Grazie pesco

Al ritorno dalle vacanze abbiamo trovato il nostro pesco stracarico di frutti già maturi. Bellissimi, sani, perfetti. Una gioia per gli occhi. Impossibile, però, consumarli tutti freschi prima della marcescenza. Così ho fatto le pesche sciroppate.

Una parte di zucchero e due di acqua per lo sciroppo (1 kg. di zucchero per due litri d’acqua). Ho messo sul fuoco in una pentola e ho mescolato i due ingredienti finché lo zucchero si è sciolto e il composto è risultato trasparente.

Ho sbucciato le pesche (le mie sono a pasta bianca, molto mature), 4 chili circa, e le ho tagliate a spicchi, le ho posizionate a spirale con la parte concava verso il basso nei vasetti sterilizzati, mi sono aiutata con una forchetta.

Ho versato lo sciroppo, che nel frattempo si è raffreddato, nei vasetti fino a riempirli. Ho battuto più volte il fondo dei vasetti sul tavolo per assestare le pesche e far fuoriuscire l’aria.

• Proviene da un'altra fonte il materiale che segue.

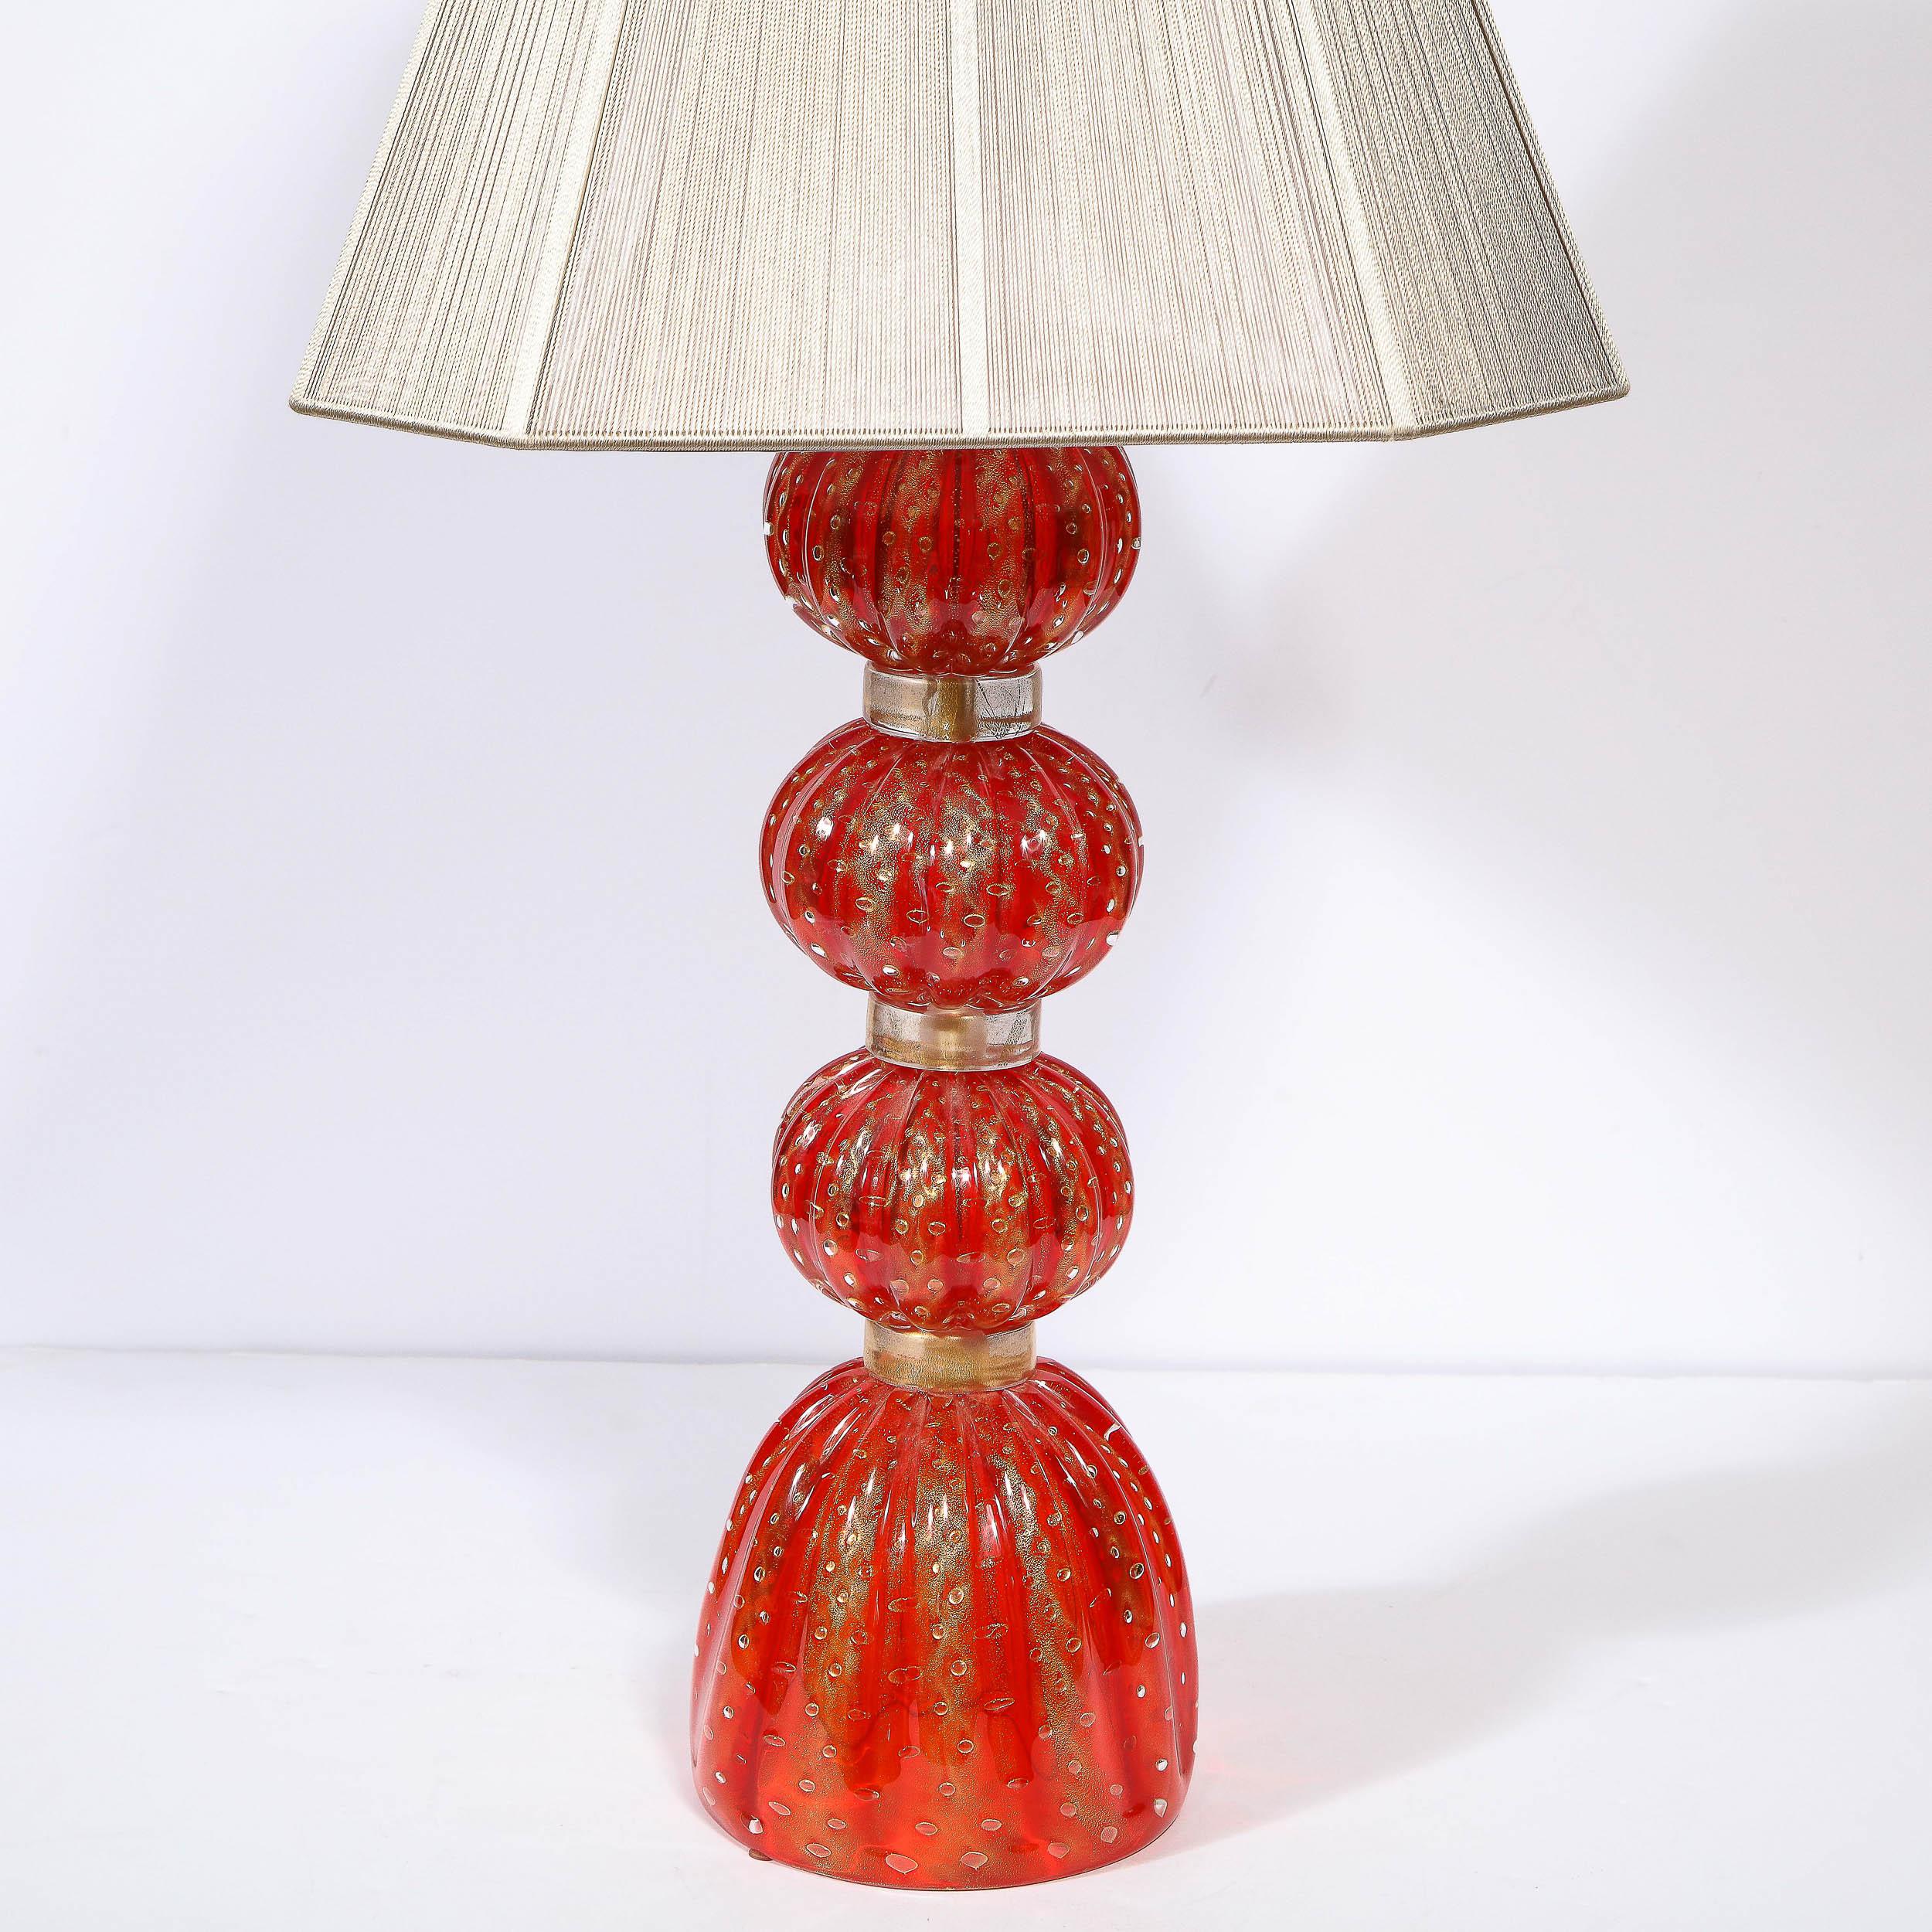 This beautiful modernist lamp was realized in Murano, Italy- the island off the coast of Venice renowned for centuries for its superlative glass production- during the latter half of the 20th century. It features a domed based upon which three

Ho chiuso i vasetti e li ho avvolti in uno straccio ad uno ad uno, li ho posizionati in una grande pentola piena d’acqua e ho fatto bollire per una quarantina di minuti. Ho lasciato raffreddare i vasetti dentro l’acqua.

Oggi che l’Estate è un ricordo, ci è venuta una voglia matta di pesche.

Ho aperto il primo vasetto delle mie pesche per assaggiarle e pensare ad un dessert… dunque, potrei fare… vabbè, il solito cheesecake… oppure… un semifreddo, tipo bavarese… allora… sentiamo…

… mmmmhhh … non ci credo…. Paolo, assaggia… aspetta… un’altra sola…. basta… ora non le mangiare tutte…

Barattolo finito in tre minuti con fette di pane!!!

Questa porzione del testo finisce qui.